**Exercise prompt**: Nothing but an exact repeat of the data, with pictures removed, belongs in the answer.

**Data provided**:
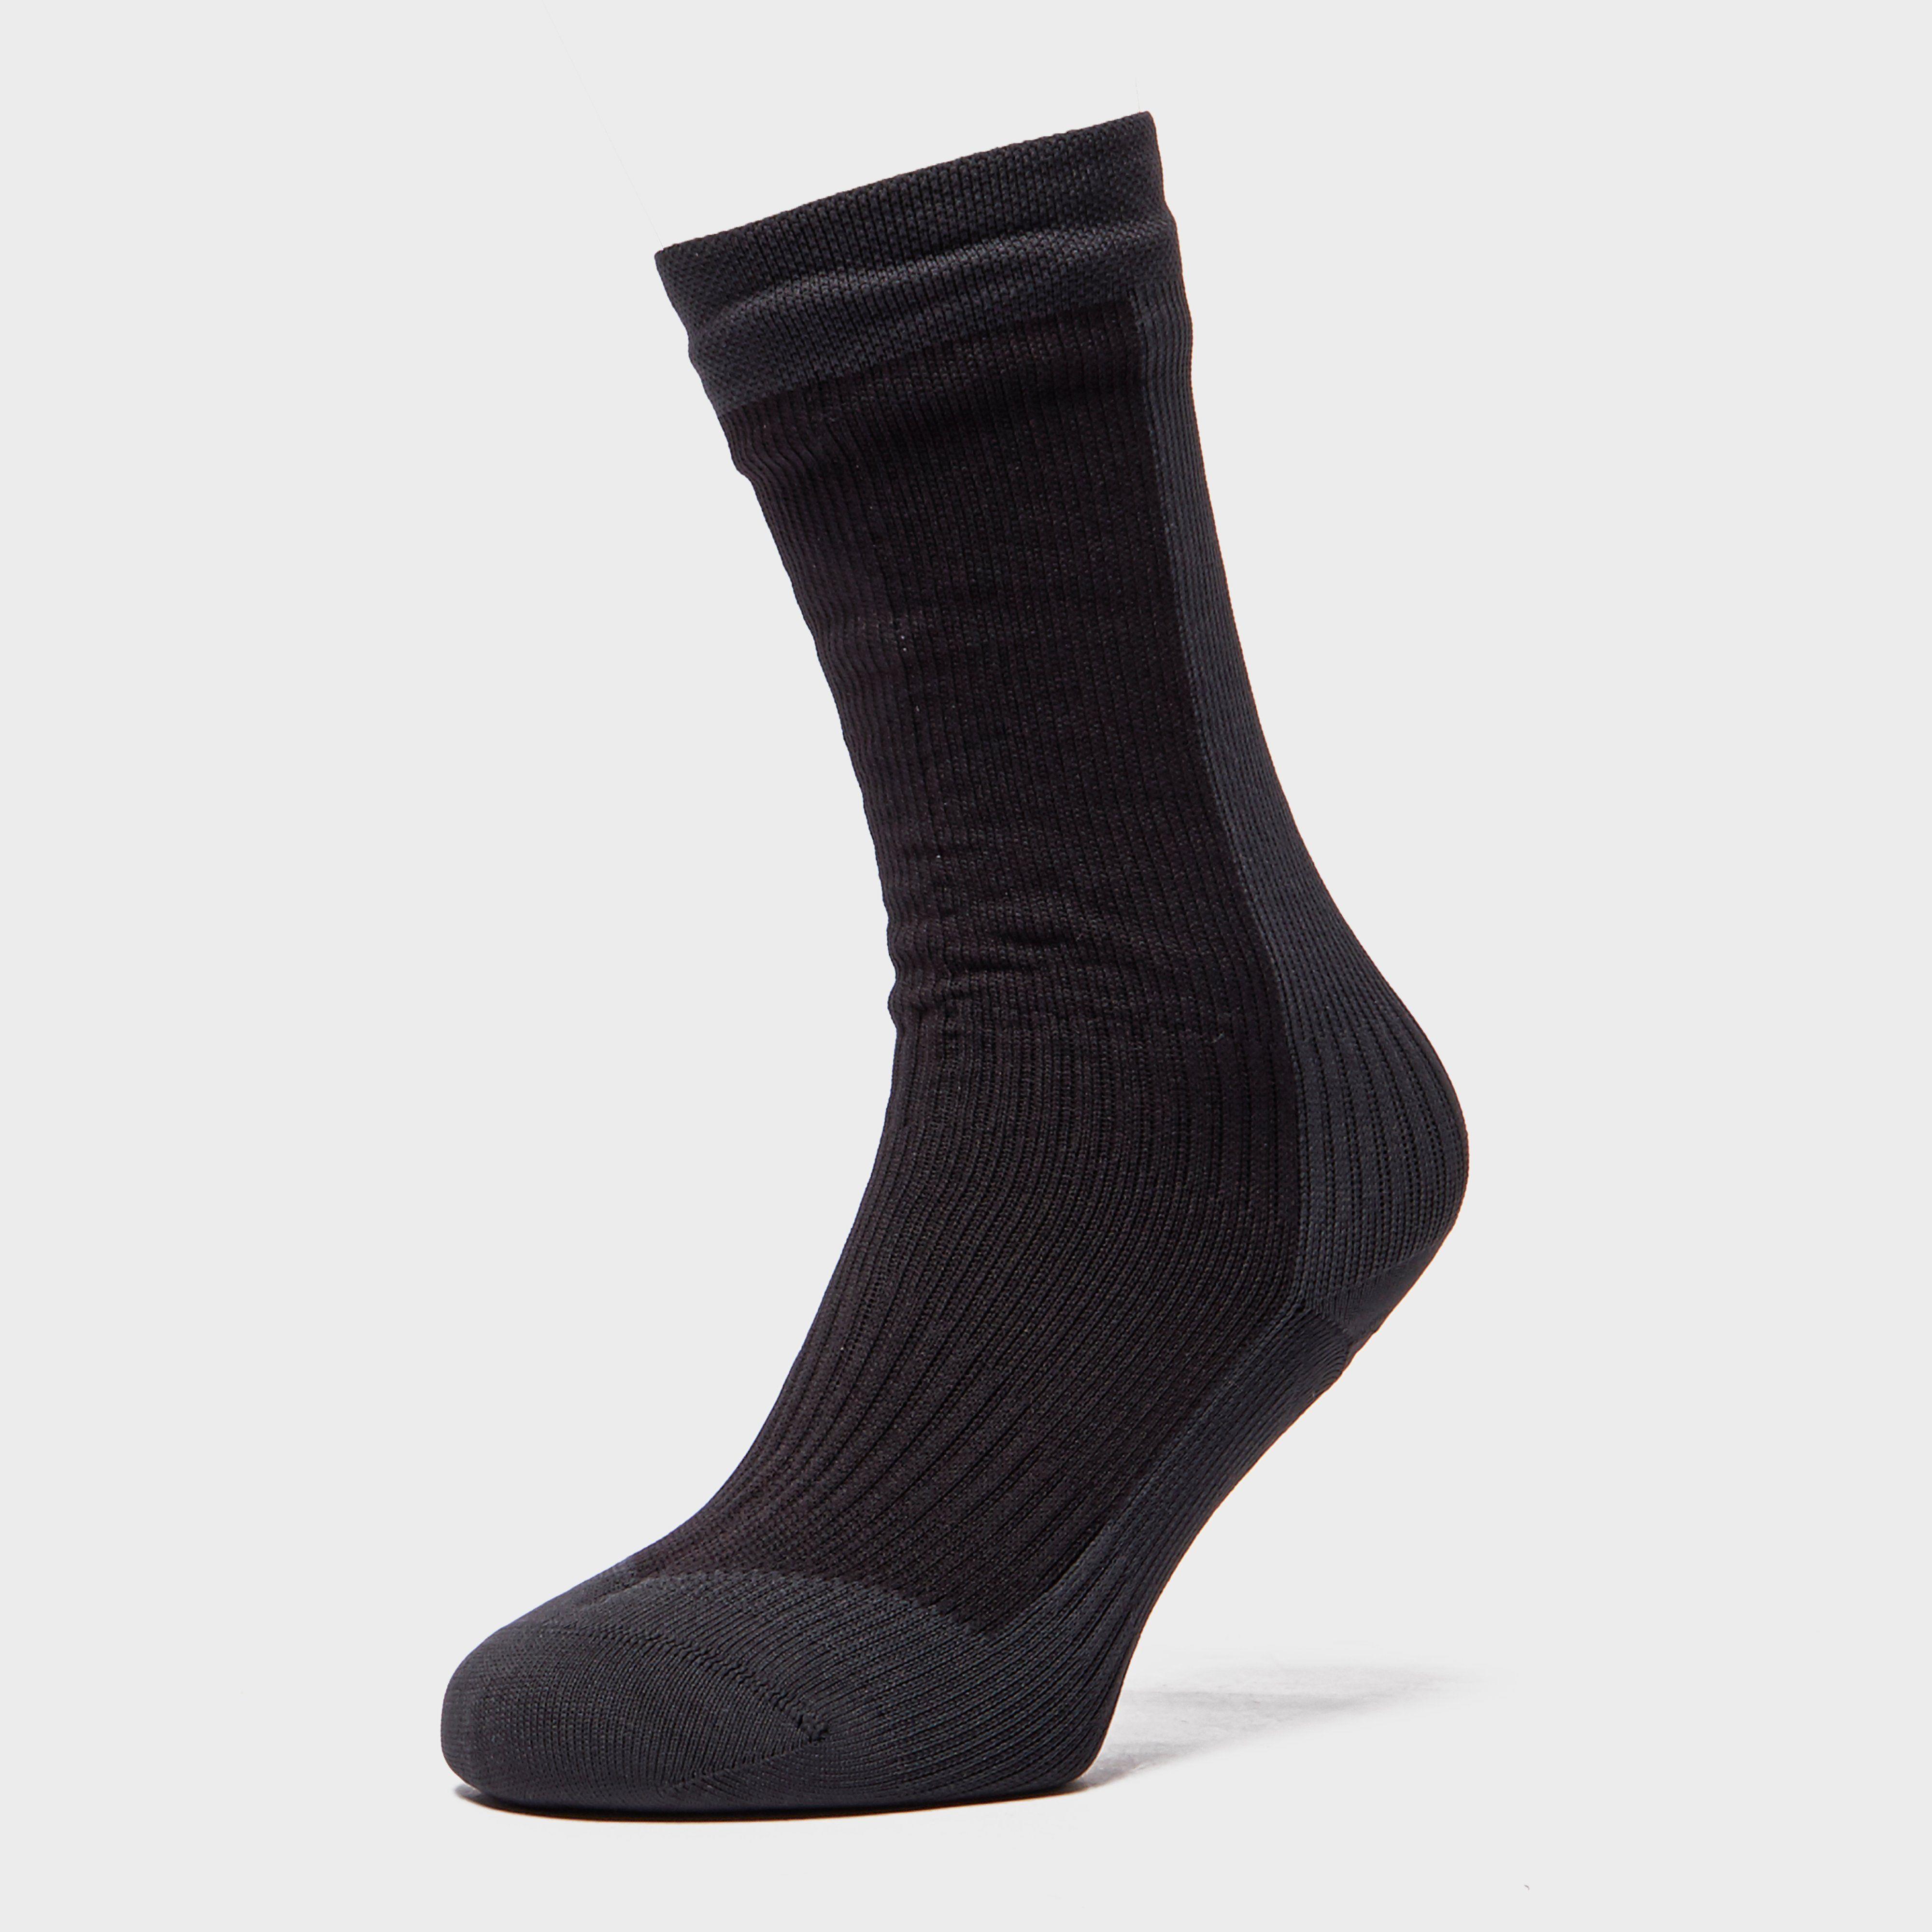 SEALSKINZ Men's Mid length Hiking Socks
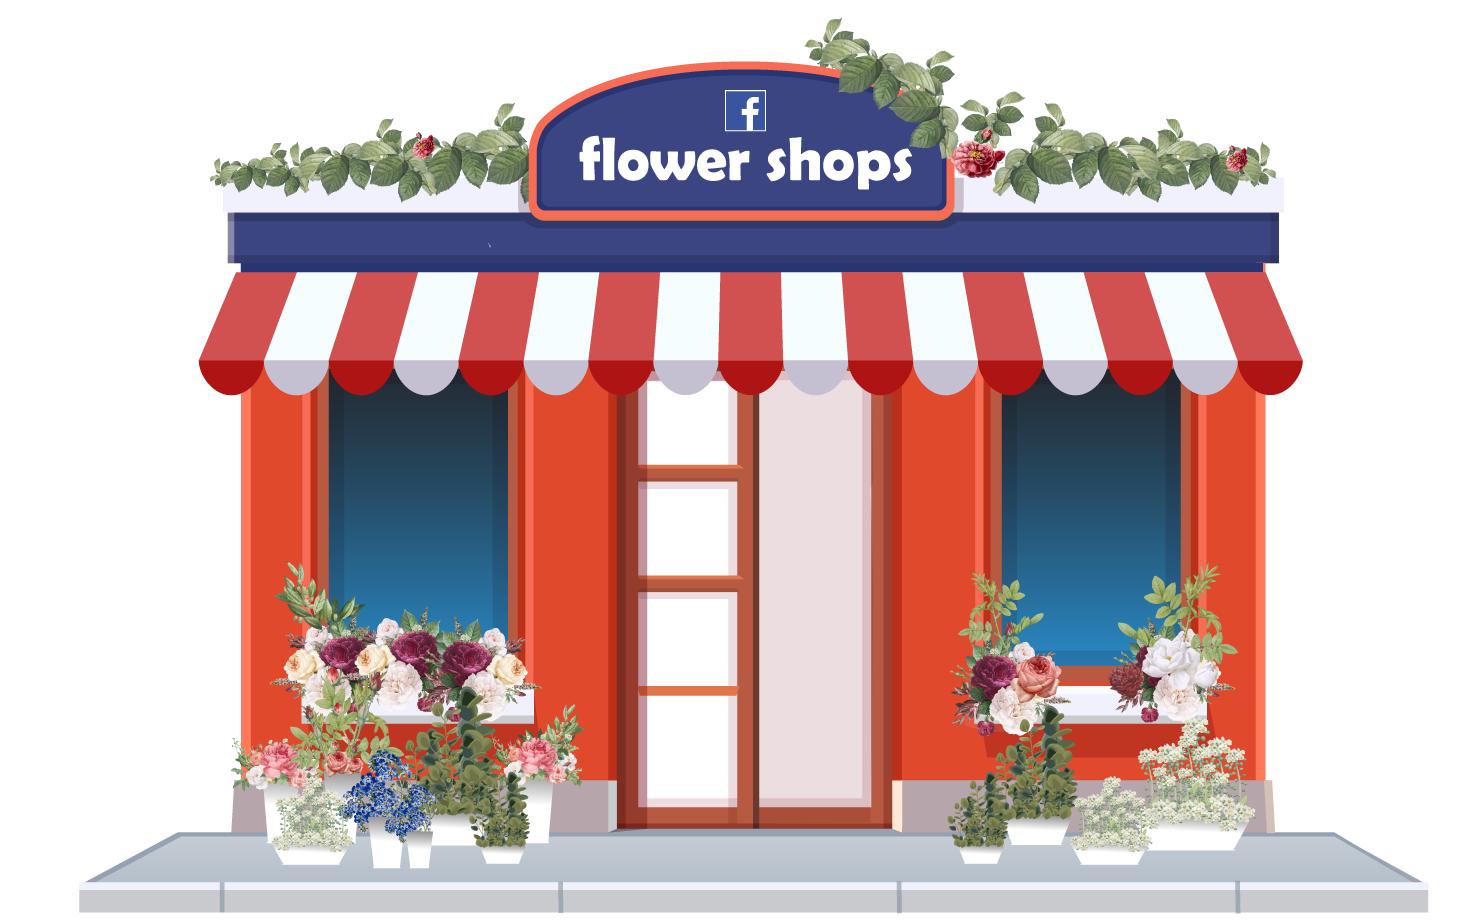 Bí quyết kinh doanh shop hoa tươi bước đầu thành công - 270801
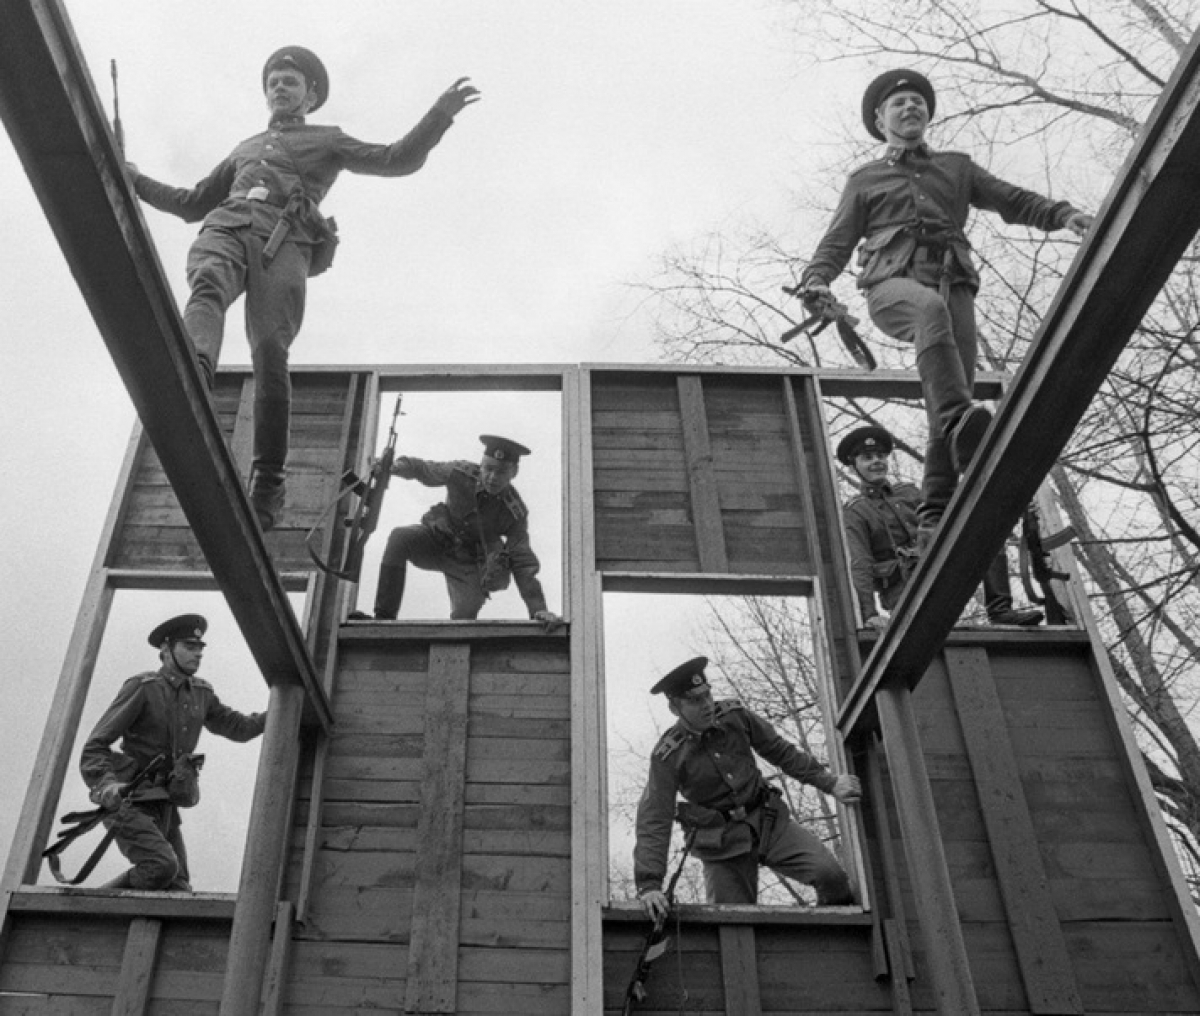 Các tân binh KGB huấn luyện trên thao trường. Ảnh: TASS.
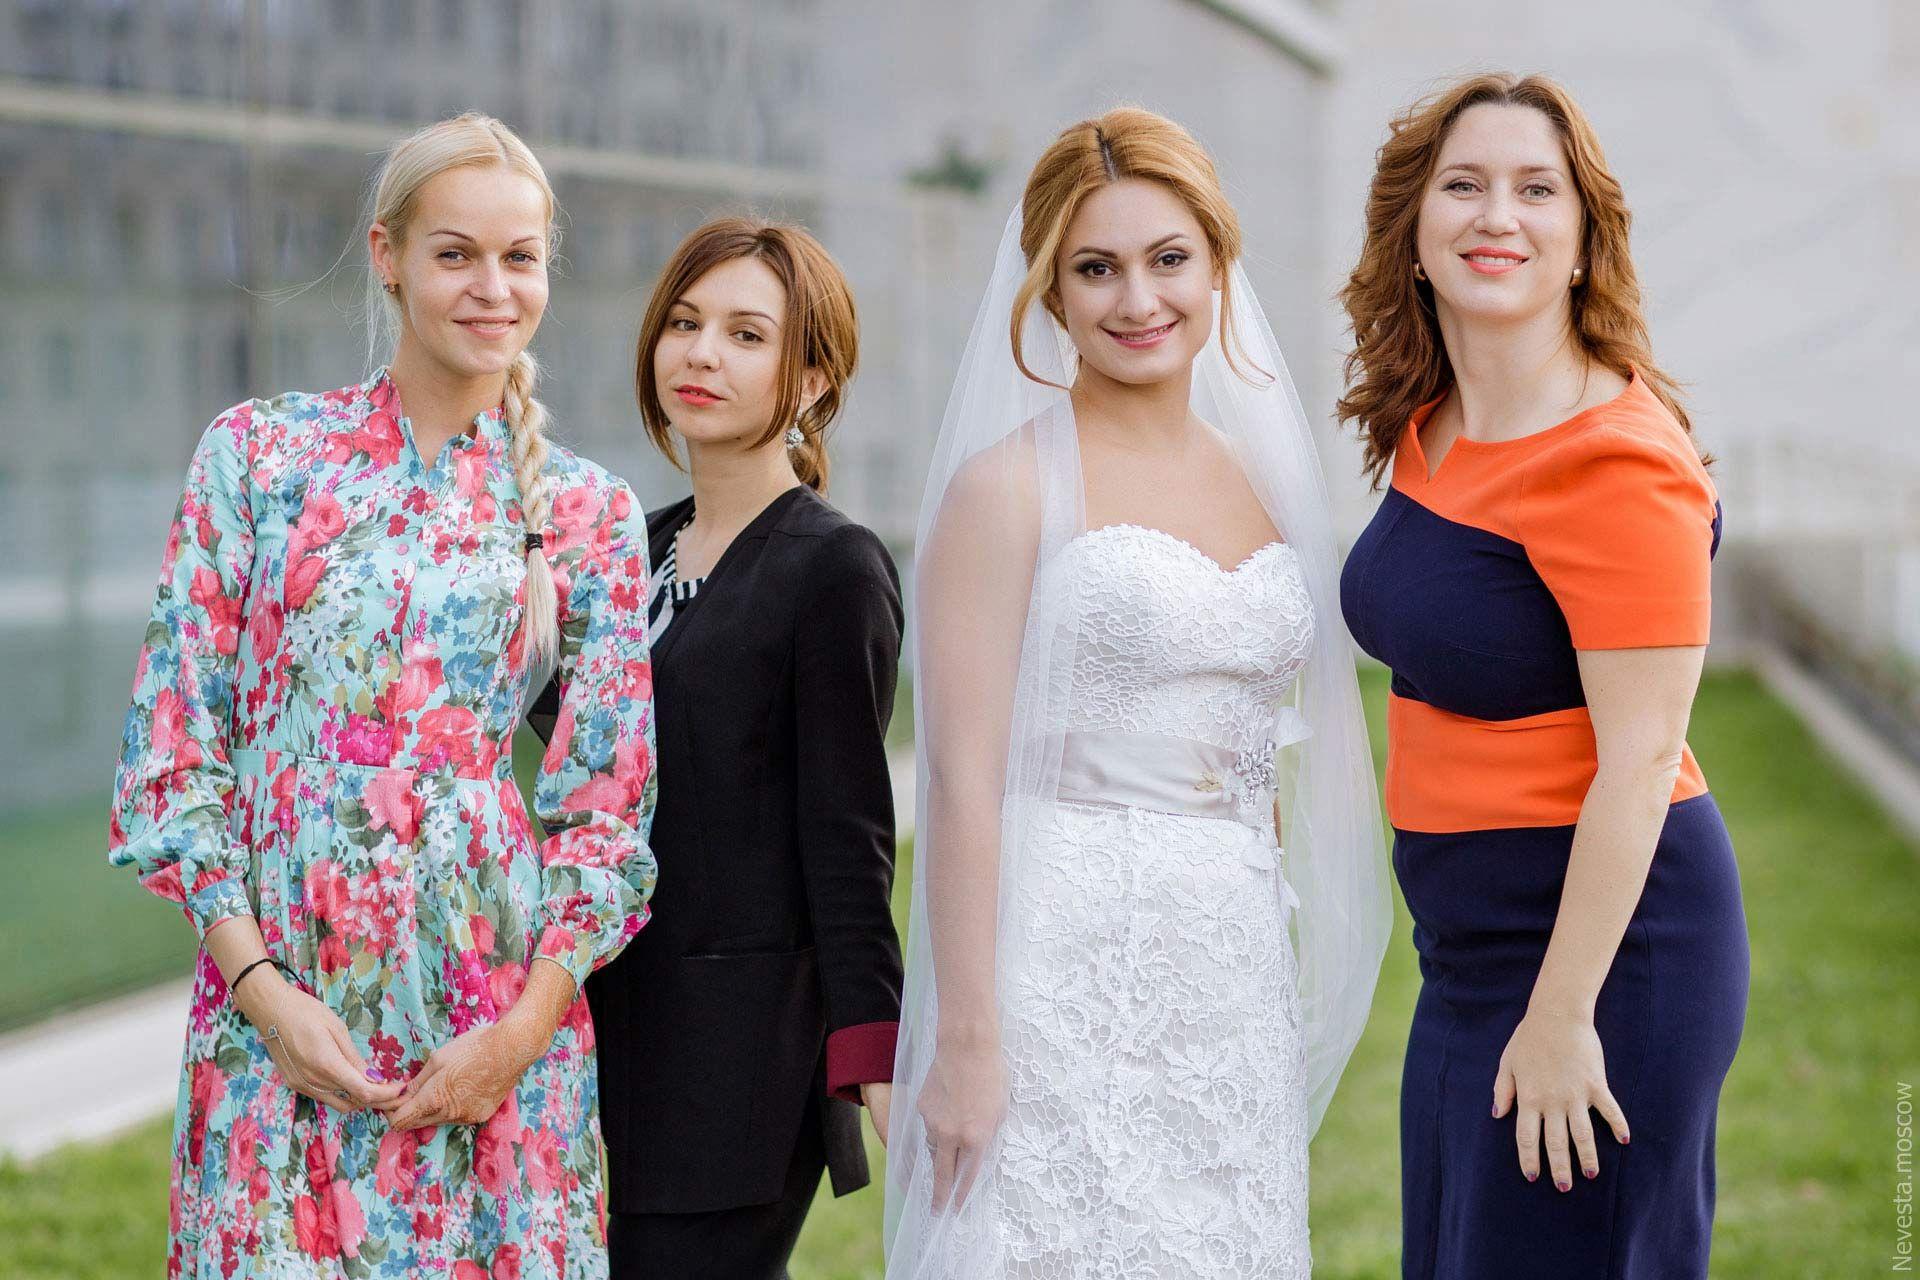 Киносвадьба для героини сериала «Физрук» Карины Мишулиной, фото 7

**Result**:
 SEALSKINZ Men's Mid length Hiking Socks
 Bí quyết kinh doanh shop hoa tươi bước đầu thành công - 270801
 Các tân binh KGB huấn luyện trên thao trường. Ảnh: TASS.
 Киносвадьба для героини сериала «Физрук» Карины Мишулиной, фото 7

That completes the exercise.